Thursday, January 5, 2012

Convert integers to roman numbers

Question: write an algorithm to convert an integer into roman number. For example, 1 -> I, 2 -> II, or 4 -> IV.
Solution: in order to solve this problem, we must know the rules of writing roman numerals. For example, I is 1 and V is 5 but IV is not 6 but 4 (5 -1). Moreover, there is no 0 number in roman numeral system. Here is the link to an article about roman numerals if you are unfamiliar with the system.
As you may notice, the roman numeral system consists of several fundamental and unique numbers. They are used in conjunction with rules to create other numbers. Therefore, we just have to cache the unique numbers and apply the rules in order to generate any roman number we want. Lets take a simpler case.

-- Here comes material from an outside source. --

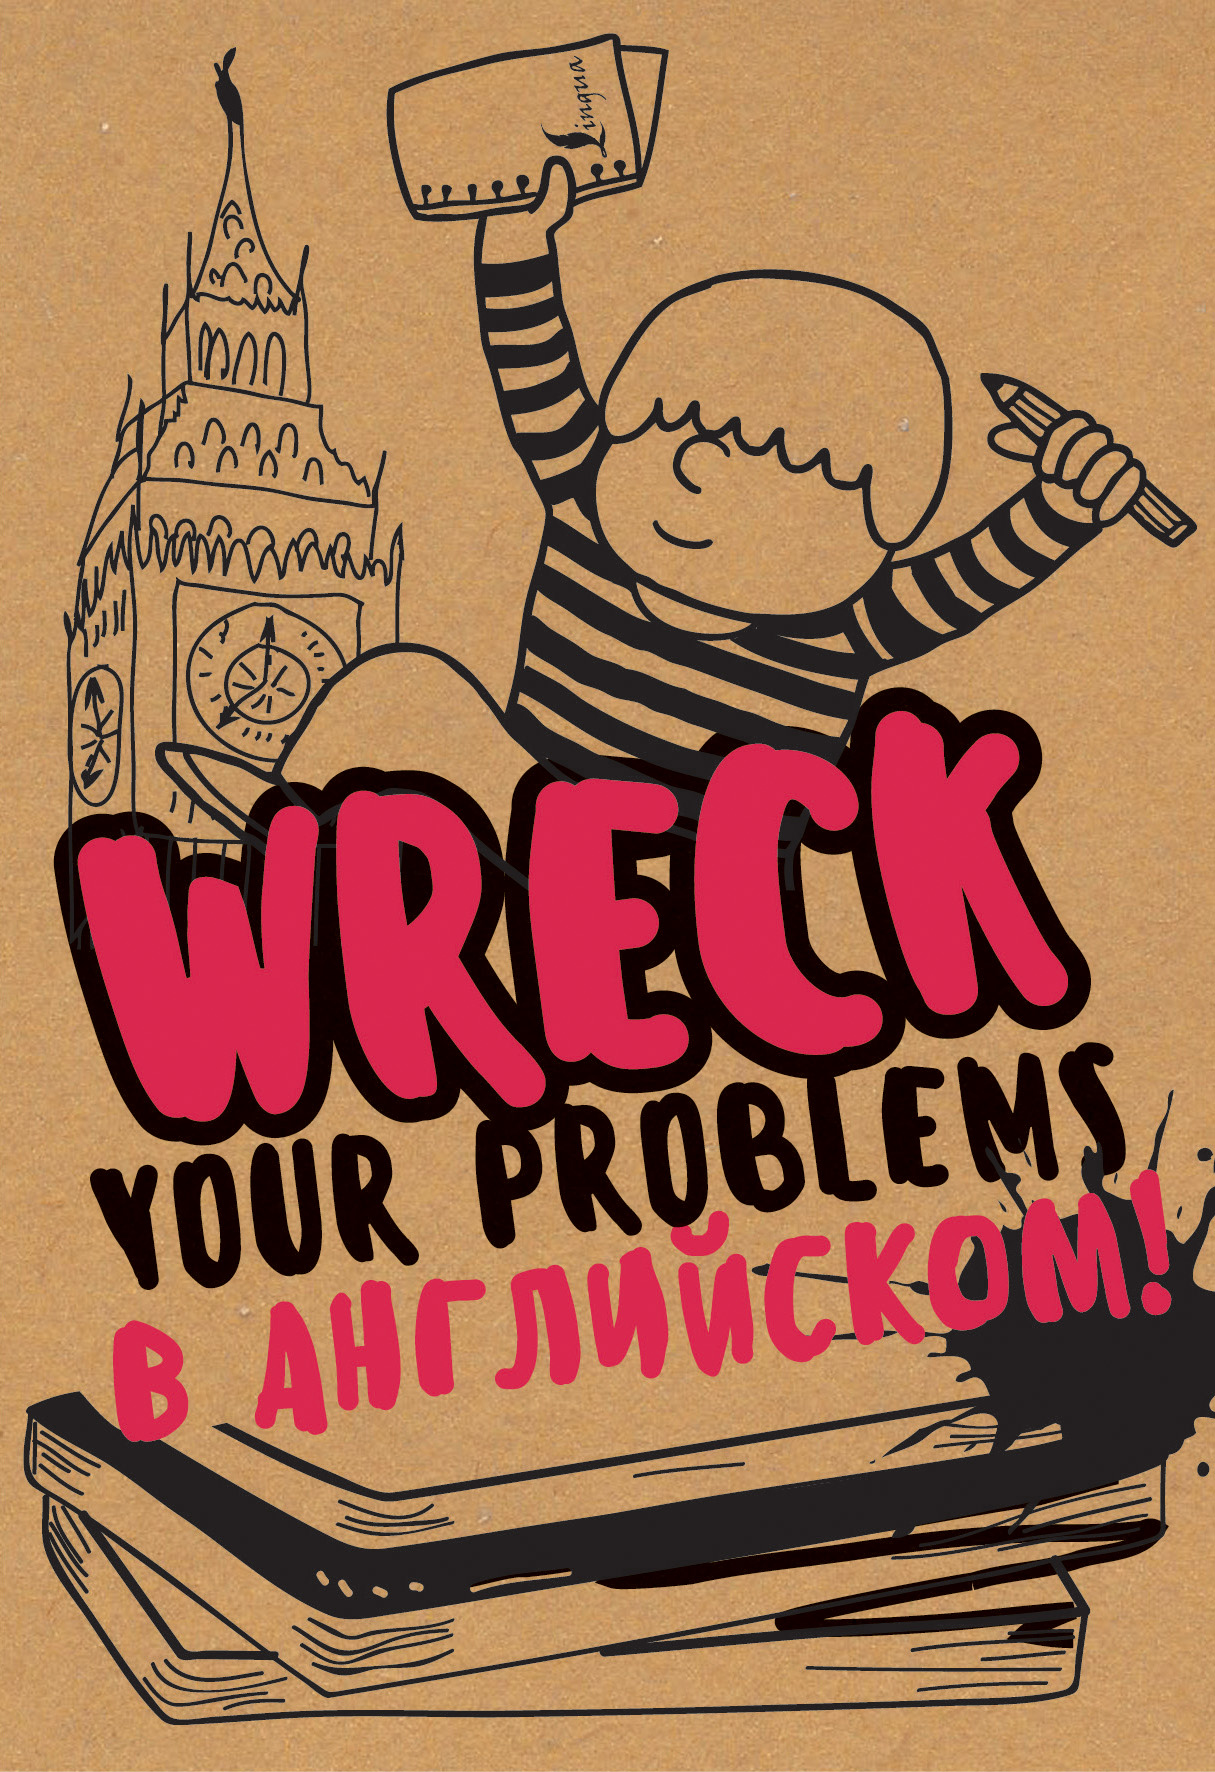 Wreck your problems   ! /     . Wreck it!

Suppose we have to handle only 4 digit number:

void printRomanNumeral3digit(int n)
 {

  int num, i;

   num=n;

         for (i = 0; i < num/1000; i++)
   out.println( "M");

  num = num % 1000;
  switch (num/100)
  {
   case 9:
    out.println( "CM");
    break;
   case 8:
    out.println( "DCCC");
    break;
   case 7:
    out.println( "DCC");
    break;
   case 6:
    out.println( "DC");
    break;
   case 5:
    out.println( "D");
    break;
   case 4:
    out.println( "CD");
    break;
   case 3:
    out.println( "CCC");
    break;
   case 2:
    out.println( "CC");
    break;
   case 1:
    out.println( "C");
    break;
  }

   num = num % 100;
  switch (num/10)
  {
   case 9:
    out.println( "XC");
    break;
   case 8:
    out.println( "LXXX");
    break;
   case 7:
    out.println( "LXX");
    break;
   case 6:
    out.println( "LX");
    break;
   case 5:
    out.println( "L");
    break;
   case 4:
    out.println( "XL");
    break;
   case 3:
    out.println( "XXX");
    break;
   case 2:
    out.println( "XX");
    break;
   case 1:
    out.println( "X");
    break;
  }

   num = num % 10;
  switch (num)
  {
   case 9:
    out.println( "IX");
    break;
   case 8:
    out.println( "VIII");
    break;
   case 7:
    out.println( "VII");
    break;
   case 6:
    out.println( "VI");
    break;
   case 5:
    out.println( "V");
    break;
   case 4:
    out.println( "IV");
    break;
   case 3:
    out.println( "III");
    break;
   case 2:
    out.println( "II");
    break;
   case 1:
    out.println( "I");
    break;
  }
 }


Handling a more general case:
This is the better algo in java (just update cache to handle larger numbers)
public static String int2RomanNum(int intVal)
{
 if (intVal <= 0)
 {
  out.println(  "Roman numbers don't support 0 or negative! Return NULL" );
  return ""; 
 }

 //build hash table of unique values 
 Map<Integer,String> romanMap = new HashMap<Integer, String>();

 romanMap.put(1, "I");
 romanMap.put(1,"I");
 romanMap.put(4,"IV");
 romanMap.put(5,"V");
 romanMap.put(9,"IX");
 romanMap.put(10,"X");
 romanMap.put(40,"XL");
 romanMap.put(50,"L");
 romanMap.put(90,"XC");
 romanMap.put(100,"C");
 romanMap.put(400,"CD");
 romanMap.put(500,"D");
 romanMap.put(900,"CM");
 romanMap.put(1000,"M");

 //the roman value
 String romanResult = "";

 //traverse the list in reverse order 
 List<Integer> keys = new ArrayList<Integer>(romanMap.keySet());
 Collections.sort(keys);
 Collections.reverse(keys);
 Iterator<Integer> it = keys.iterator() ;

 for (; it.hasNext(); )
 {
  //if current number is greater than current key in list
  //add the value corresponded with key to result
  //then subtract the equivalent int value from current number
  int key = it.next();

  while (intVal >= key)
  {   
   int literal = intVal/key;
   if(literal!=0)
    romanResult+=romanMap.get(key);
   intVal = intVal%key;

  }
 }

 return romanResult;
}



Note that Collections.sort(list<>) will not work here and it commented. and sorted result will be :
[90, 900, 1000, 50, 400, 40, 10, 9, 500, 5, 4, 100, 1].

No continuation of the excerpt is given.